Literature DB >> 10614621

Enhancement of A spermatogonial proliferation and differentiation in irradiated rats by gonadotropin-releasing hormone antagonist administration.

G A Shuttlesworth1, D G de Rooij, I Huhtaniemi, T Reissmann, L D Russell, G Shetty, G Wilson, M L Meistrich.   

Abstract

The initial changes in the numbers, proliferation, and differentiation of A spermatogonia in irradiated rats after the administration of a GnRH antagonist, which is known to induce differentiation in this system, were investigated. LBNF1 rats were given 6 Gy of gamma-irradiation; some were treated with the GnRH antagonist Cetrorelix beginning 15 weeks after irradiation. Although the spermatogonia in the irradiated rats without hormone treatment continue to proliferate (labeling and mitotic indexes of 24% and 18%, respectively), they underwent apoptosis (apoptotic indexes of 21% by the terminal transferase-mediated end labeling assay and 9% by nuclear morphology), resulting in a constant number of A spermatogonia.
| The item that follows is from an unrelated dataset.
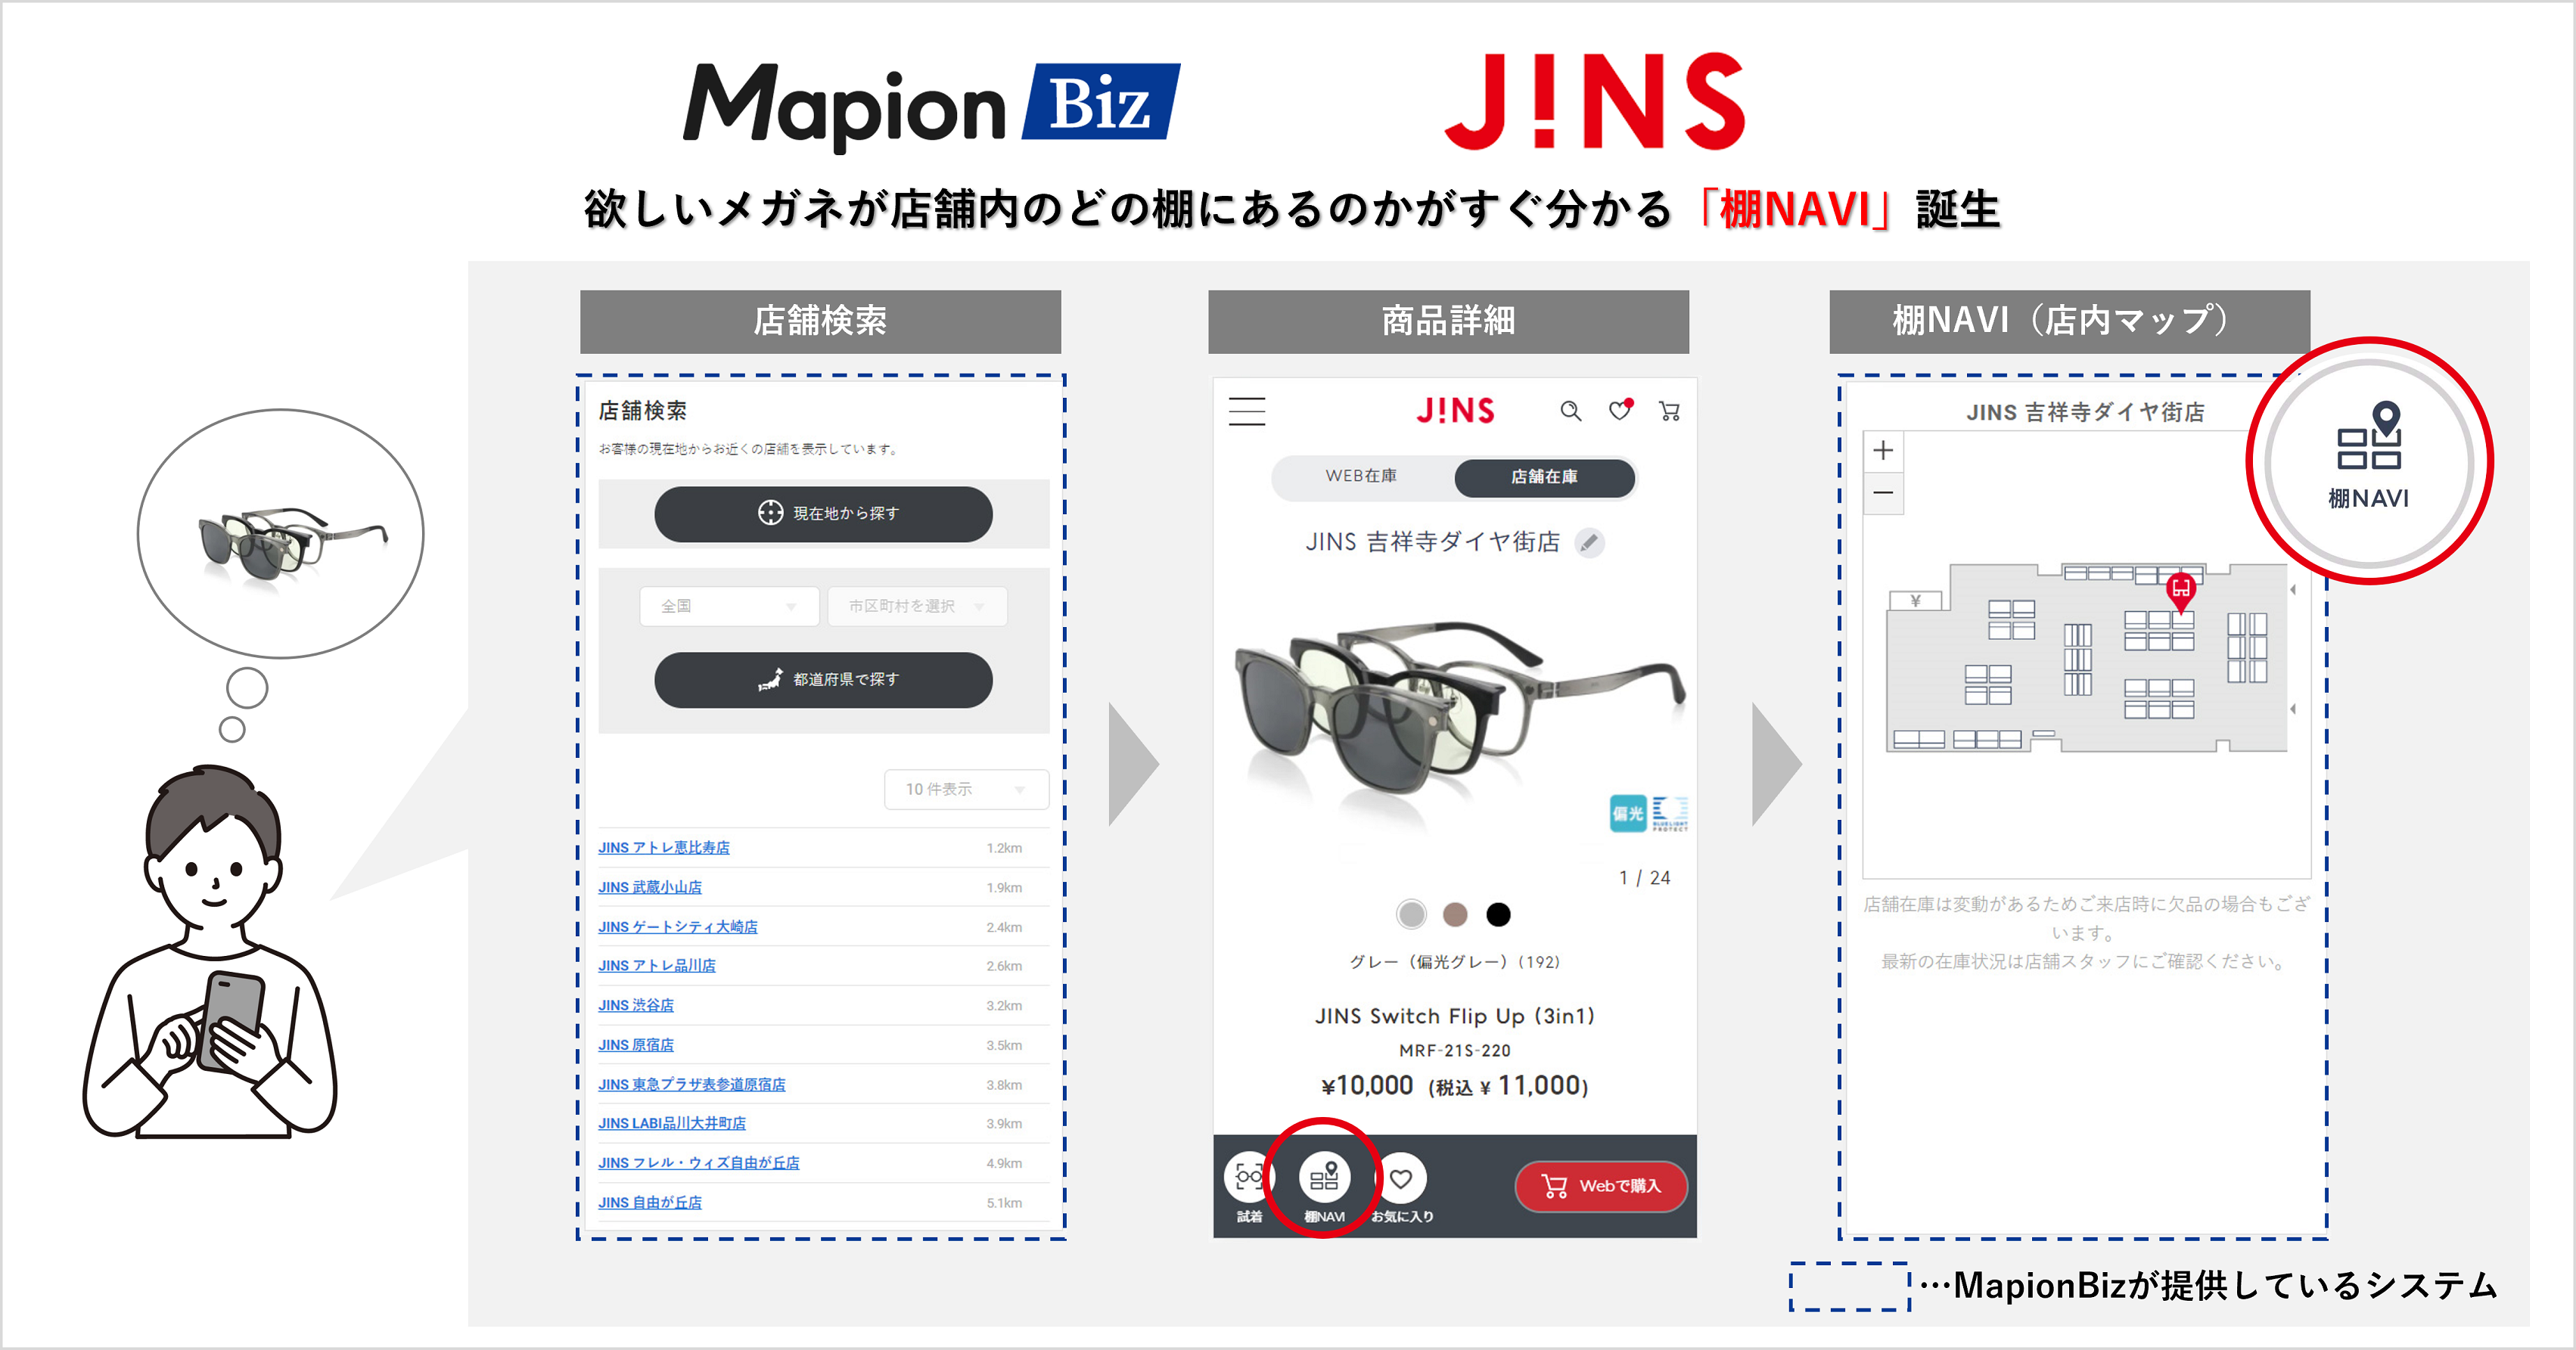 Mapion Biz、JINSにメガネの棚の位置を検索できるシステムを提供

Whole mount analysis of clones ofA spermatogonia revealed that larger clones were more likely to undergo apoptosis than mitosis. Hormone administration decreased the intratesticular testosterone concentration to 6% of the level in irradiated rats within 1 week. Concomitantly, there was a decrease in spermatogonial apoptotic indexes to 43% of levels in irradiated-only rats, leading to an increases in their numbers by 150%, their diameters by 11%, and their labeling indexes by 31%. The sizes of the mitotic clones gradually increased, and clones of more than eight cells appeared at week 3 of hormone treatment. A spermatogonial differentiation began at week 4, and by week 6.6, differentiation occurred in 30% of the tubules. Thus, suppression of intratesticular testosterone by the GnRH antagonist may be responsible for the immediate changes in spermatogonial numbers and kinetics, but several additional steps are required before differentiation begins, which did not occur until week 4.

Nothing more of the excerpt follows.